Economic Affairs Secretary Shaktikanta Das told the media that Prime Minister Narendra Modi held a second review meeting on demonetisation with officials of the Finance Ministry and the Reserve Bank of India (RBI) to ascertain why there continued to be such long queues at banks.

Besides, a task force has been constituted to monitor circulation of fake currency notes in vulnerable areas and to keep a watch on black money being deposited in the system.

"It has come to notice of the government that in many places the same people are coming back again and again and we have also received reports that certain unscrupulous elements who are trying to convert black money into white have organised groups of innocent people and are sending them from one branch to another branch to exchange notes and get Rs 4500," Economic Affairs Secretary Shaktikanta Das told reporters.

"As a result what is happening is that the benefit of withdrawal of cash is getting restricted to smaller number of people...to prevent such kind of misuse, the branches of banks to take recourse to use of indelible ink marks for disbursement of cash," he said.

This would prevent certain syndicates and certain kind of people coming to branch again and again, he said.

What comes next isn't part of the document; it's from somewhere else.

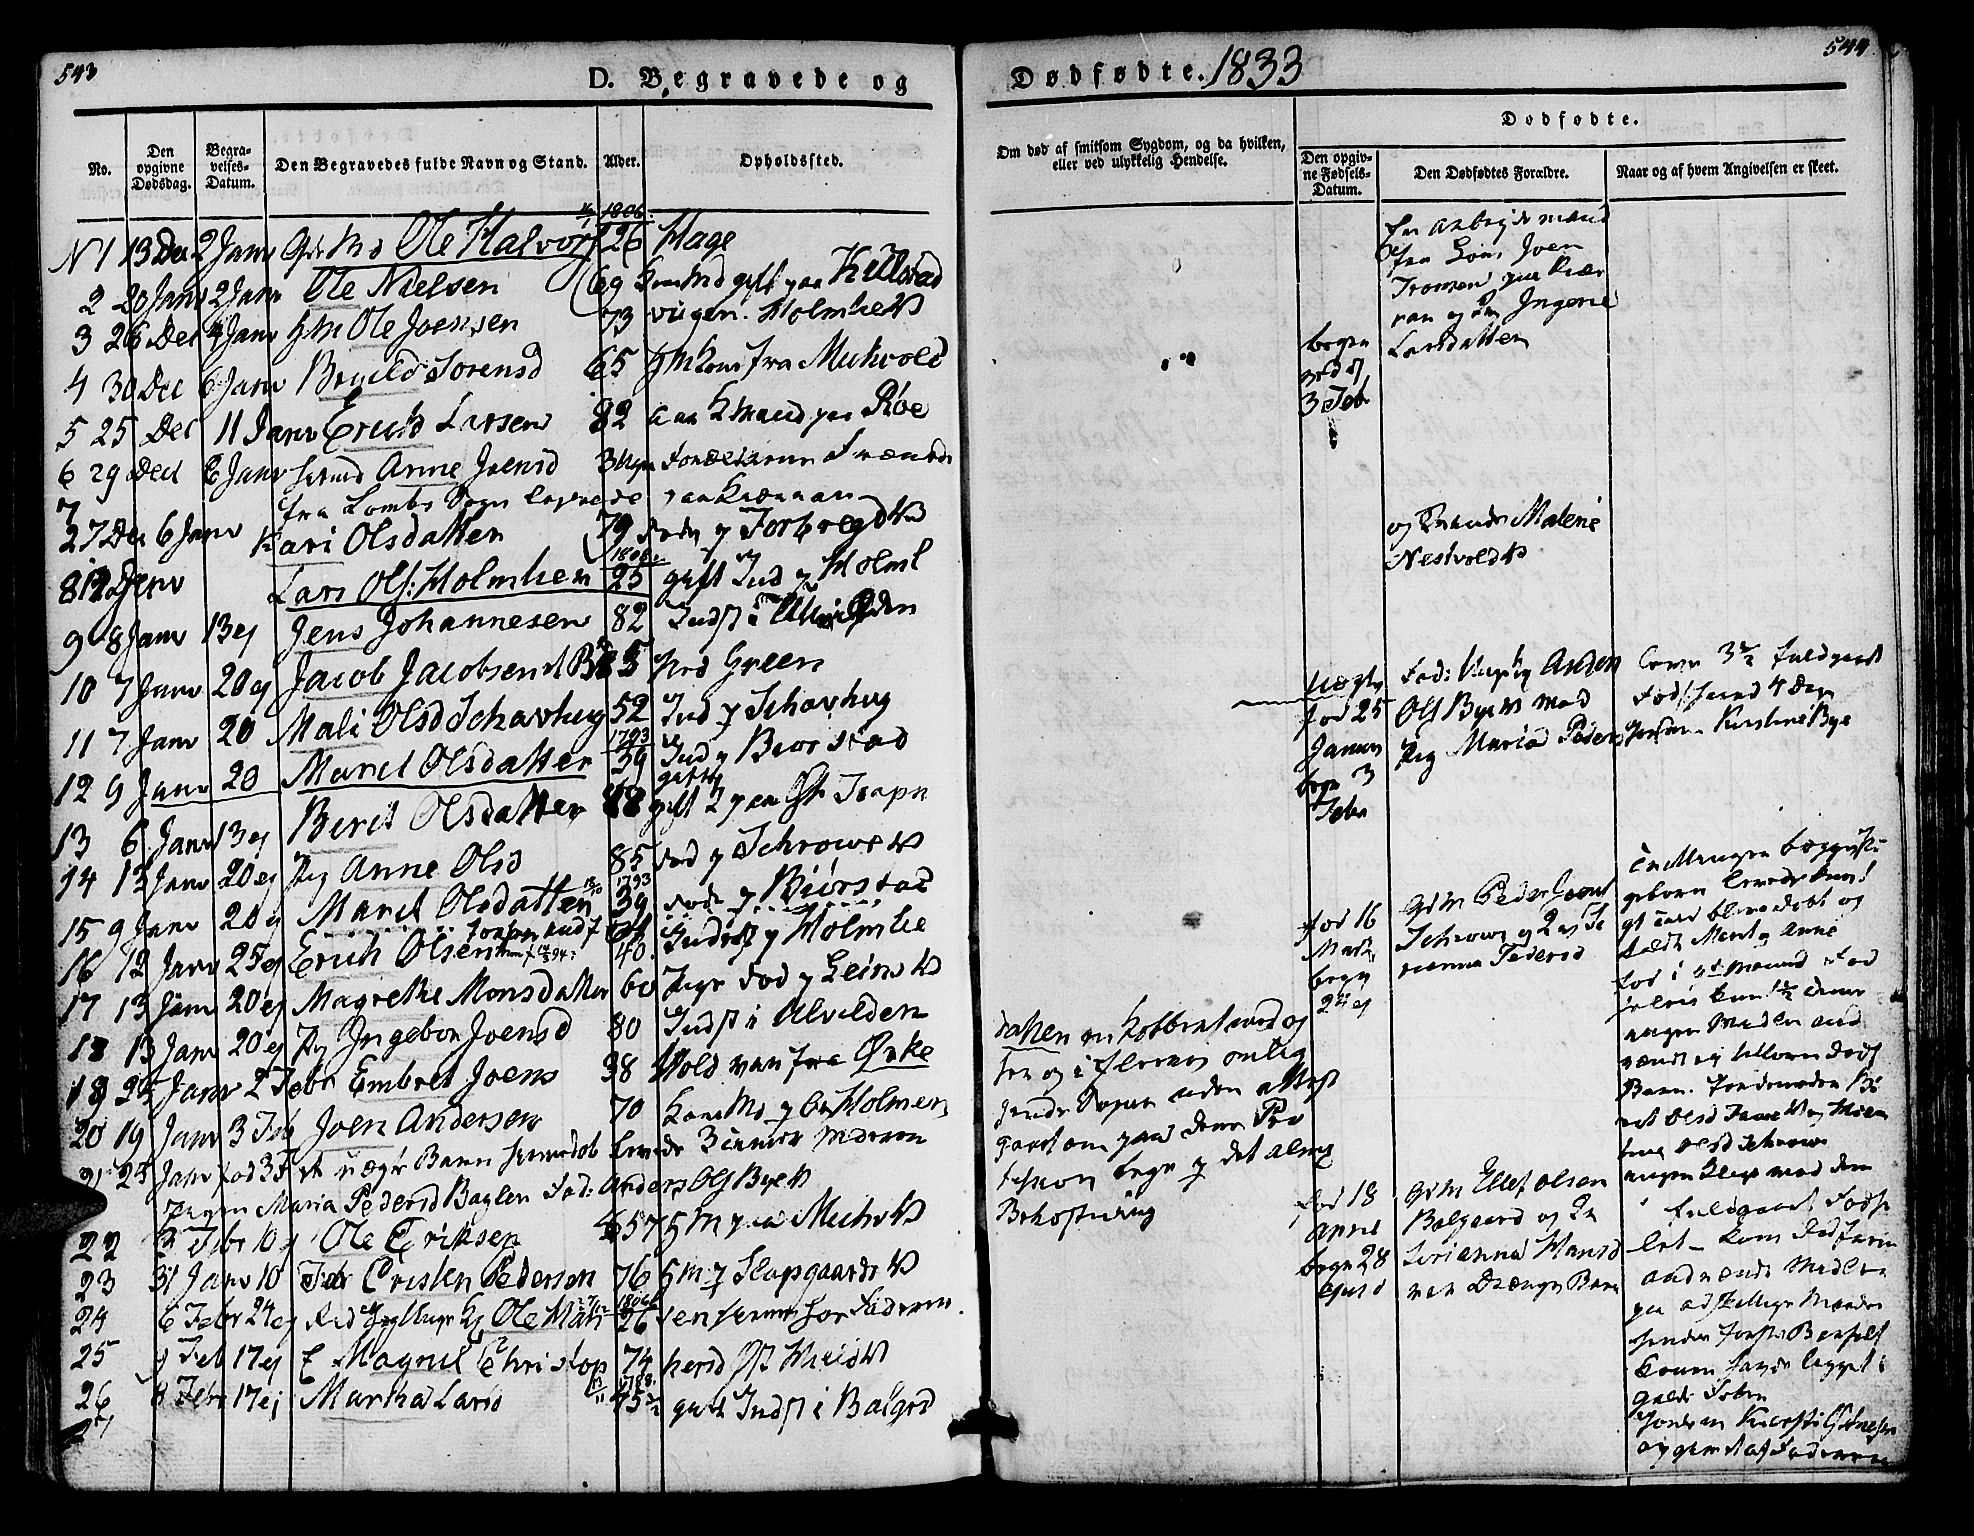 SAT, Ministerialprotokoller, klokkerbøker og fødselsregistre - Nord-Trøndelag, 723/L0238: Ministerialbok nr. 723A07, 1831-1840, s. 543-544

Operating instructions will be issued to banks on how to use indelible ink and from Tuesday, this process will start in all major cities, he said.

At the moment, the daily withdrawal limit from ATMs is Rs 2,500, and exchange of old notes from bank counters is Rs 4,500. This apart, the upper limit for weekly withdrawal from bank accounts stands at Rs 24,000.

Addressing reports of Jan-Dhan accounts being used by other people to deposit their unaccounted cash, Das said the government has decided to set an upper limit of Rs 50,000 for deposits into these accounts.

Das said the legitimate Jan-Dhan account holders would not be put to any kind of difficulty but the source of deposits of above Rs 50,000 into these accounts will be tracked and verified.

"A close watch is being kept on them (deposits in Jan-Dhan accounts)," he said.

"Jan-Dhan account holders should not allow other people to use their accounts to convert their black money into white. Banks have been advised to keep a close watch on cash movement," he added.